Engineering essay · 8 min read

Prompt → Context → Harness

Why building with LLMs feels less like prompt writing and more like software engineering, every year.

TL;DR

  • Prompt is the string the model reads in one call.
  • Context is everything in the model’s window. Prompt plus retrieved docs, history, tool results.
  • Harness is the runtime around the call. Agent loop, tools, hooks, sandbox.
  • Each layer wraps the one below. Writing the prompt is roughly 20% of the work. The rest is software engineering.

Side-by-side

Same task, sliced by which layer owns it. The rest of the essay fills this in.

Prompt

  • Unit: one model call
  • Lever: prompt | model
  • Fails as: bad single output, format collapse, refusal
  • Mental model: writing instructions

Context

  • Unit: the token window
  • Lever: retriever.invoke(), summarize()
  • Fails as: wrong or stale info, lost-in-the-middle
  • Mental model: filling a backpack

Harness

  • Unit: the full session
  • Lever: while turn < max_turns:
  • Fails as: loops, runaway cost, sandbox escape
  • Mental model: operating a kitchen

In 2023, “prompt engineer” was a job title. Anthropic posted a listing in the $175K to $335K range, others followed at similar levels. Twitter filled with collections of golden prompts. Courses appeared promising the secret incantations. For a moment it looked like talking to a model was its own discipline, separate from software engineering, accessible to anyone who could write English well. The hype was real, and a lot of it was earned. The first time you saw a clever system prompt make a model behave the way you wanted, it felt like magic.

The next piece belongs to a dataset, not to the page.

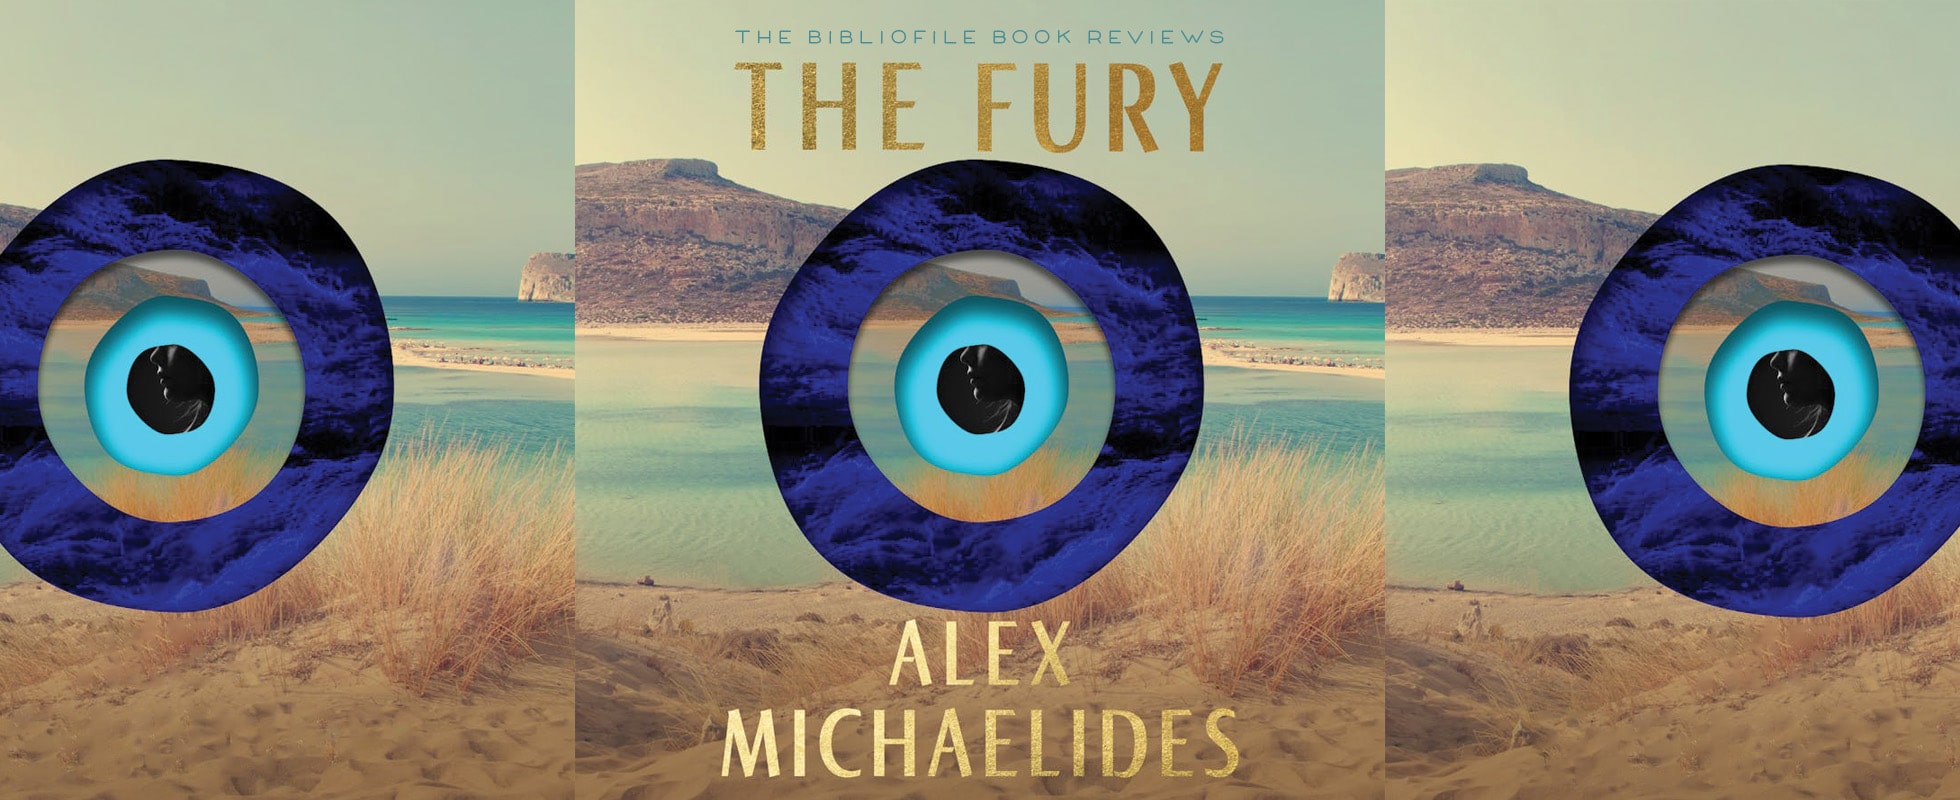 the fury by alex michaelides book review plot summary synopsis recap discussion spoilers

Two years on, the people I see actually shipping AI features for a living don’t spend most of their time on the prompt. They write code. They think about retrieval, context windows, tool execution, observability, evals, retries, sandboxing. The prompt is part of the work, the same way SQL is part of building a backend. Important. Worth getting right. But a slice of the practice, not the whole thing.

The same task, three layers

At each layer, the unit of work gets larger. At Layer 1, you have a single API call and a string. At Layer 2, that call is wrapped in retrieval and history. At Layer 3, it sits inside a loop that runs tools and decides when to stop.

Prompt
system
user
model
Context
sys
tools
retrieved docs
history
user
model
Harness
agent loop · model ↔ tool ↔ model ↔ …
tool
tool
done

Layer 1 · Words

Prompt Engineering

The single string the model reads on one call. Roles, instructions, examples, output format. One sequence of tokens.

This is the layer that everyone knows. The whole “prompt” is a list of role-tagged messages. The provider serializes them and the model attends to all of them at once. By default, every request is stateless: there’s no memory between calls. Whatever you want the model to know on a given turn, it has to be in the messages array for that turn.

In LangChain, this is a ChatPromptTemplate piped into a model.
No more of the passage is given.